Even the department which deals with people living with disabilities is tucked away in a corner somewhere in the Ministry of Public Service, Social Welfare and Labour under the Department of Social Welfare.

DS: So do I understand it that you are saying it would be better if there was a separate ministry for disability issues like the war veterans have a ministry to specifically attend to their issues?

JM: No, I am not saying that it should be a stand alone ministry. You know ministers are all equal. No minister can give an instruction to another. It’s only President Mugabe who has the powers to give the ministers instructions. Once that department is moved to the President’s Office, everything will change immediately, in that one minute.

DS: Some of the issues you raise as you rightfully state are there in the legislation. For instance incorporating the requirement in by-laws that every public building should be accessible to people living with disabilities. Does that require any budget?

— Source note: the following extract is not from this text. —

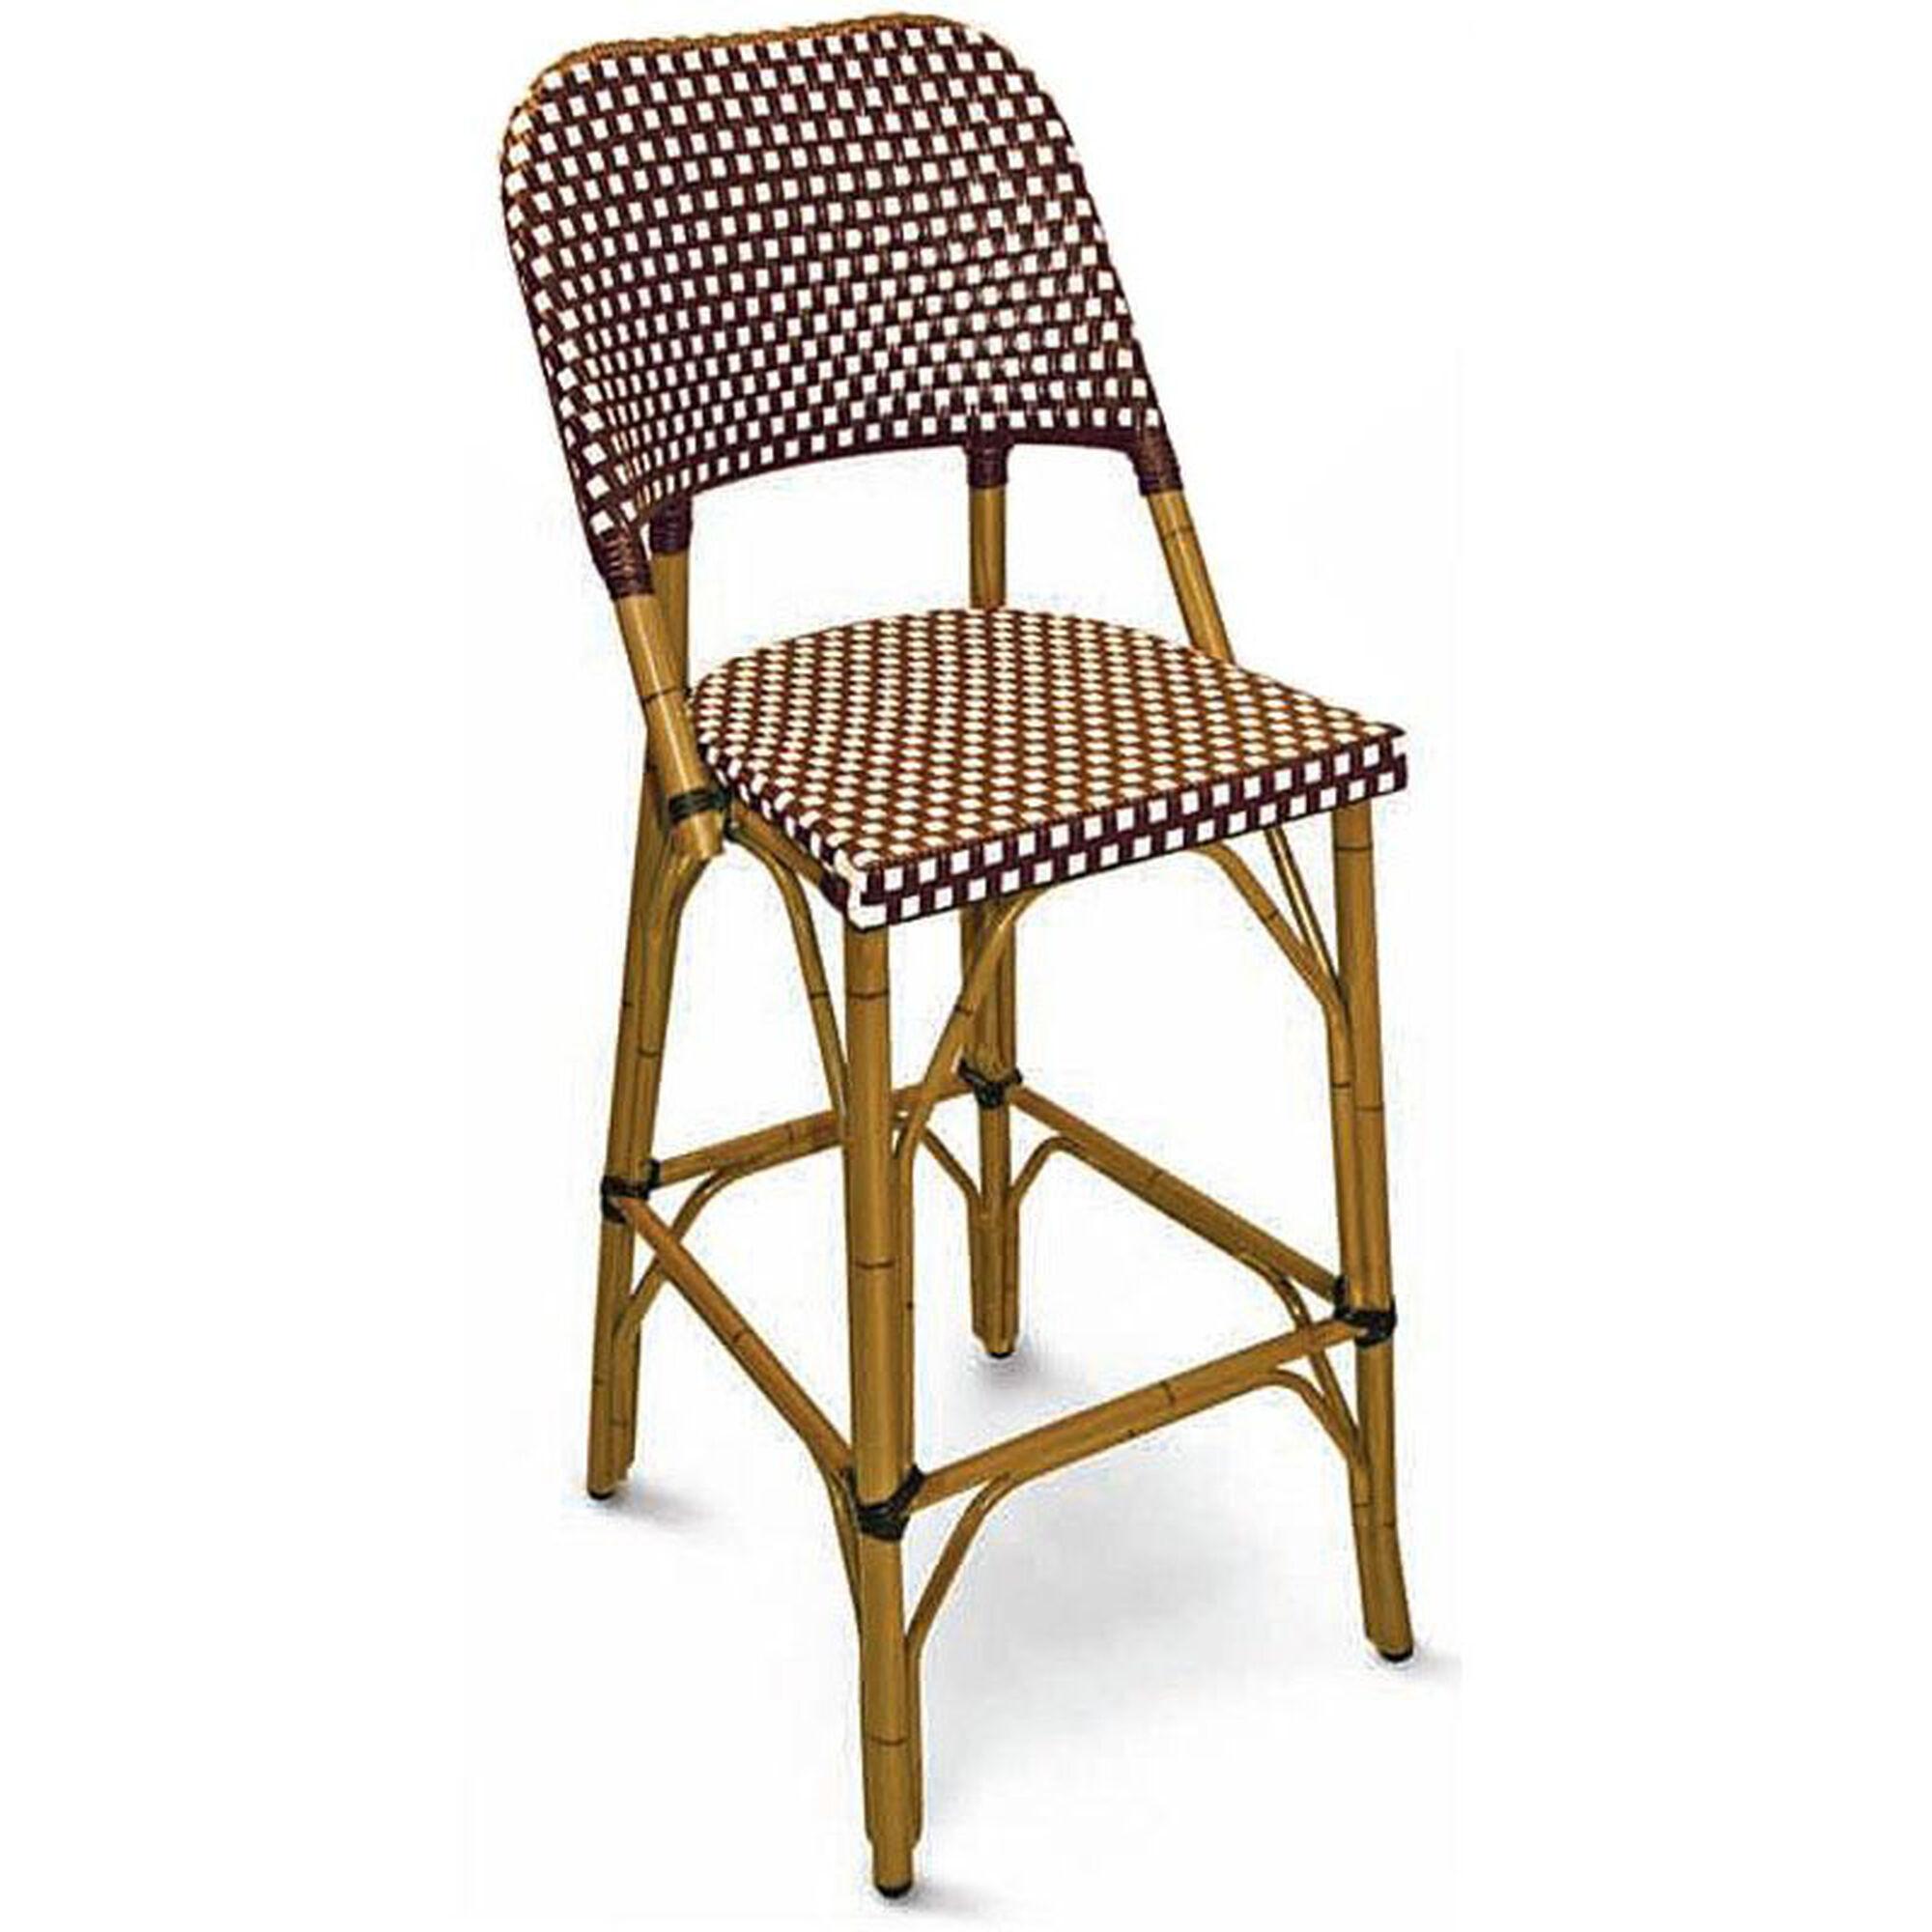 Outdoor Armless Barstool Rattan Brt 01 Churchchairs4less Com

JM: That’s the difficult part. Every able-bodied person has a negative attitude towards people living with disabilities. They don’t think of them. That’s what I was saying. No school that I know or very few schools in rural areas or even in town were built with people living with disabilities in mind. Except that like in Bulawayo, it started when I became mayor, I erected toilets for people living with disabilities, to make things accessible. Look at Northlea High School, look at all those (former) ‘A’ schools can someone living with disabilities on a wheelchair go there? All classrooms are upstairs and there is no lift. That is what I am saying. The designers of Zimbabwe’s community services and facilities design everything without us in mind. As far as they are concerned we are not part of the community, sporting, recreational, educational system and labour system. We are the last to be hired and first to be fired. When they want to cut a budget they start with us and they end with us when they are recruiting.

DS: But why is this so?

JM: It’s the attitude.

DS: But do people not appreciate that we are all potentially disabled? I can leave here now be involved in an accident and end up disabled for instance.

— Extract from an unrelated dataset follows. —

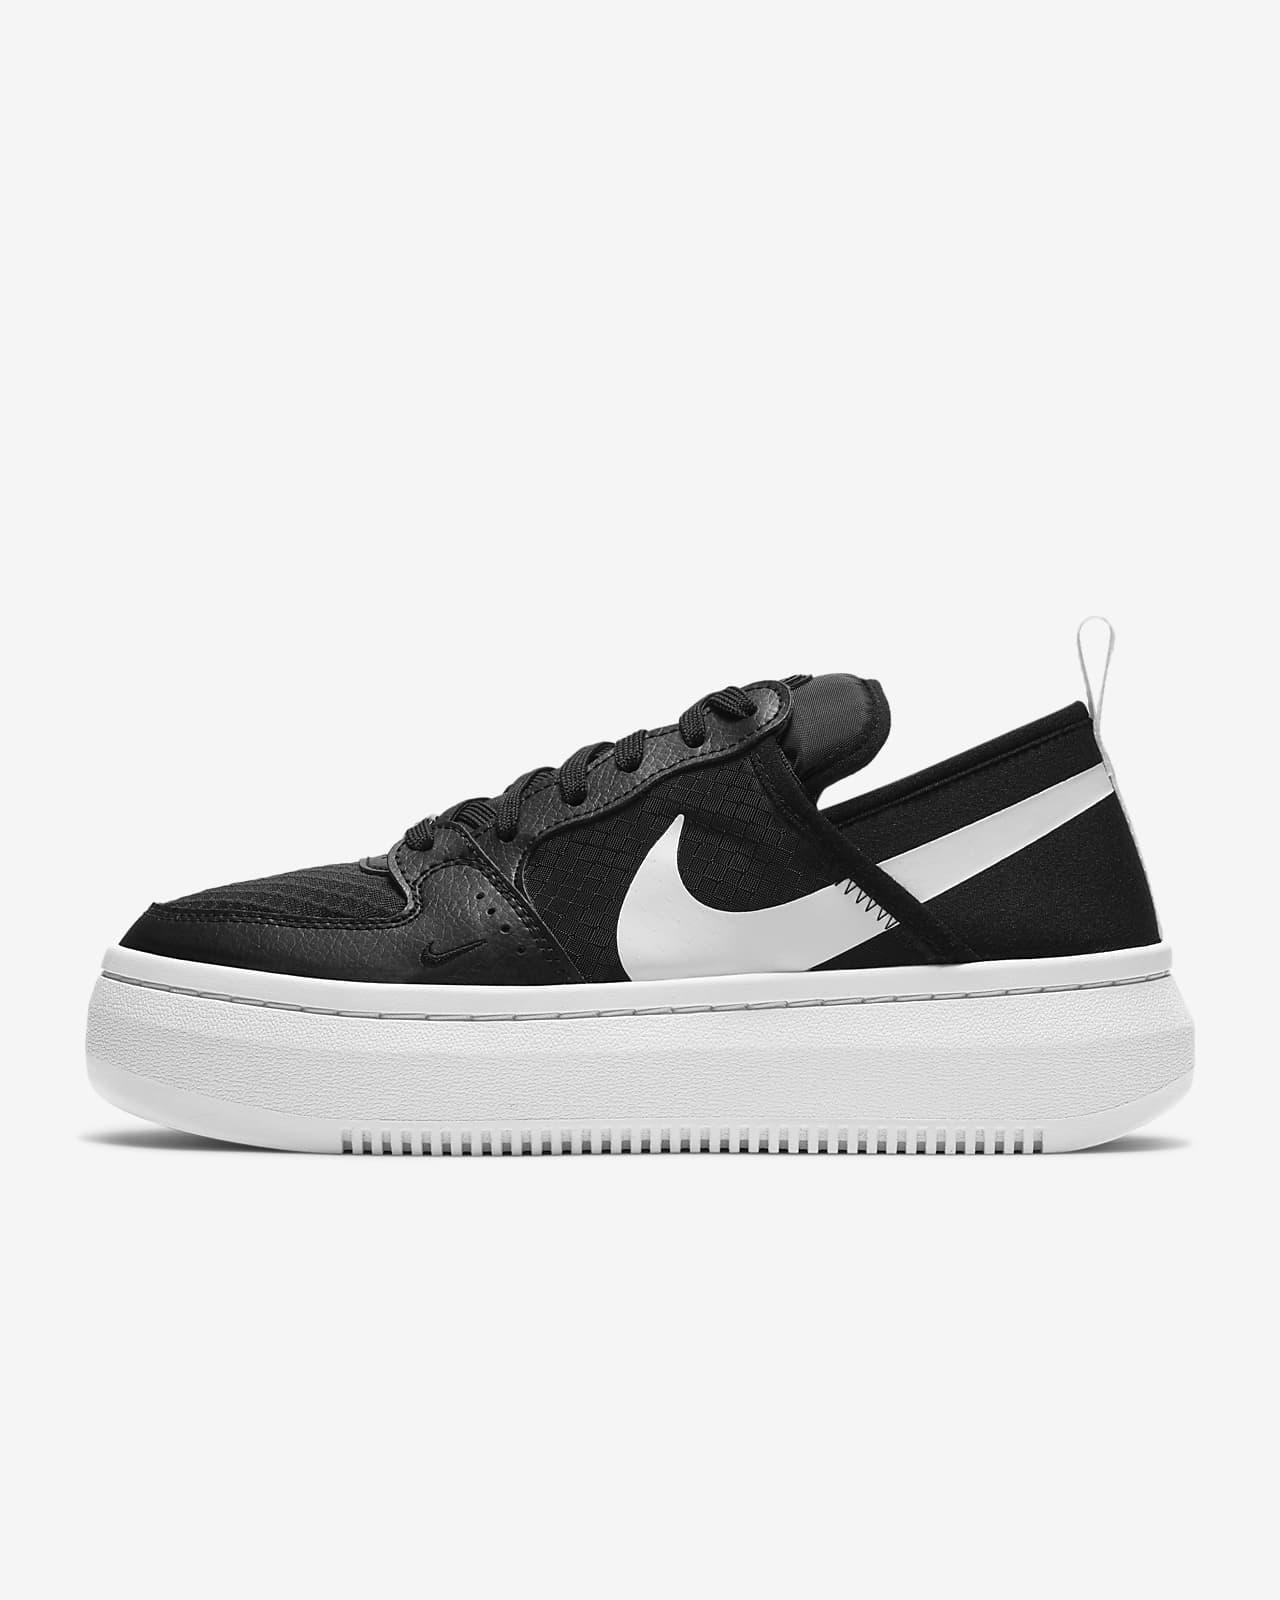 Nike Court Vision Alta Women's Shoes

JM: I am not just making a statement. I am talking reality. The real world is not like that. The real world has nothing for people living with disabilities. Look at what we got after the Constitution making exercise. Despite the decisions which the Constitutional Committee — of which I was a member and a leader in Matabeleland South — made, none of the recommendations on disability is there in the Constitution.

DS: Which are the key ones, the burning ones that you say there we were robbed?

JM: That there should be a quota system for the disabled and that the disability department should be transferred to the President’s Office. There are recommendations in every aspect of life. None of those was taken.

Listen, even the constitution does not commit itself in providing services to people living with disabilities. When they are talking about the ex-combatants, it’s clear, the ex-combatants will have the following privileges and rights, the women will have the following privileges and rights, the youth the following privileges and rights, the children will have the following privileges and rights but with the disabled it says they will have the following privileges and rights provided there are funds. It’s a case of giving us with the right hand and taking with the left hand.

DS: Thank you Cde Malinga for your time.